Shortages of behavioral health providers and difficulties in navigating insurance networks can make it hard for Oklahomans to access the mental health and substance use care they need.
An important part of the solution to these issues is integrating behavioral health services into primary care settings, which not only expands treatment capacity in the mental health workforce but also provides an entry point for people who might otherwise struggle to access care.
Integrated care is an umbrella term encompassing several models that combine physical health care with mental health and substance use care. These models aim to improve overall, whole-person health outcomes through coordinated, cohesive care carried out by a multidisciplinary team.
Through universal screenings for mental health conditions in primary care, integrated care can lead to earlier identification of, and intervention for, mental health and substance use conditions. This can prevent conditions from worsening and help patients avoid more costly care later, like an emergency room visit or hospital admission.
It is also a powerful way to decrease stigma around mental illness and substance use — when patients are screened for these conditions in the same way they would have their blood pressure checked at a doctor’s visit, it reinforces the idea that mental health is health. Many people with mental health and substance use conditions are more likely to visit a primary care provider within a given year than they are to seek out specialty mental health care on their own, making primary care an important entry point for behavioral health care.
When mental and physical health care is integrated in primary care settings, treatments for both can inform and complement each other, and patients benefit from improved coordination between different types and levels of care.
While Oklahoma has shortages of behavioral health providers across nearly every license type, the state has a robust workforce of primary care providers. Through integrated care practices, Oklahoma can better leverage its primary care providers while expanding the reach of its behavioral health providers.
Many models exist for integrating behavioral health services into primary care. In this section, we highlight three integrated care models and some of their key features:
The Collaborative Care Model is an evidence-based model for integrating mental health and substance use services in primary care settings.
Under the model, patients receive care from a primary care team and mental health professionals, including a behavioral health care manager and a consulting psychiatrist. By serving as “consultants” to primary care providers, psychiatrists who work in the Collaborative Care Model can serve a far greater number of patients than they could in traditional one-on-one psychiatry visits.
In a previous Healthy Minds analysis, we estimated that a psychiatrist who works in the Collaborative Care Model can serve approximately 226,800 patients over their lifetime — about 13 times more than a psychiatrist not practicing in the Collaborative Care Model, which we estimate can serve about 17,500 patients in their lifetime.

Like other integrated care models, practices that work in Collaborative Care address mental health and substance use on a population level, in part by regularly screening every patient. Studies have shown that Collaborative Care leads to better mental and physical health outcomes. In a large analysis of 79 randomized controlled trials of Collaborative Care, researchers found that patients being treated in the model for depression or anxiety showed better short-term and long-term outcomes compared to those treated otherwise.
It has also been shown to be cost-effective: another study found that people receiving Collaborative Care are 54% less likely to go to the emergency room and 49% less likely to require inpatient psychiatric care.
Core principles of Collaborative Care include:
Under the Primary Care Behavioral Health (PCBH) Model, behavioral health consultants are embedded in the primary care setting. These consultants are trained mental health providers — they could be clinical psychologists, social workers, or licensed professional counselors, for example.
The behavioral health consultant works with the primary care provider on all aspects of a patient’s behavioral health care, including same-day warm handoffs when a patient has behavioral health needs. The consultants are generalists, working with patients of all ages to address mental illness, substance use disorders, chronic disease, preventive care needs, social problems, and medically unexplained symptoms.
Behavioral health consultants conduct short evidence-based screenings, assessments, and interventions with patients in order to see a high volume of patients each day.

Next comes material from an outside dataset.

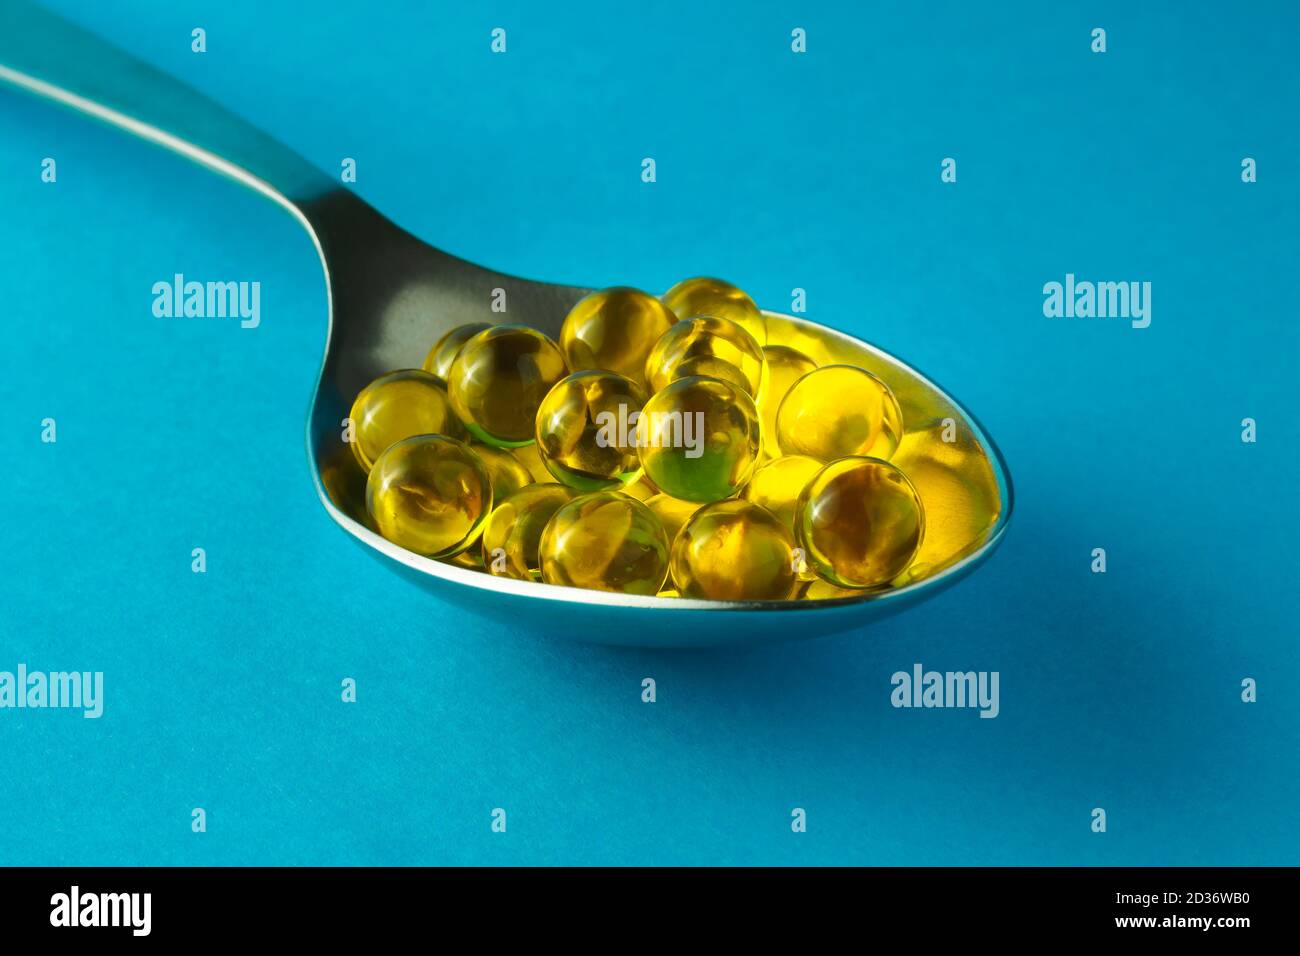 Heap of round fish oil capsules in metallic spoon on blue background, selective focus, close-up Stock Photo

The Primary Care Behavioral Health model is well-suited for addressing patients’ behavioral health needs as they arise. Compared to the Collaborative Care Model, interventions in the PCBH model are often briefer and delivered by a mental health clinician, whereas the Collaborative Care Model centers on longer-term relationships between the patient and their care team to manage chronic mental health issues.
Like in other models, SBIRT involves universal screening of all patients for mental health and substance use concerns and embedding a behavioral health professional into the primary care team.
If a patient screens positive, the primary care provider or the behavioral health professional conducts a brief intervention. If the patient needs more extensive treatment, the primary care team refers the patient to a behavioral health provider or facility with which they have a relationship or agreement to share notes and track the patient’s progress together.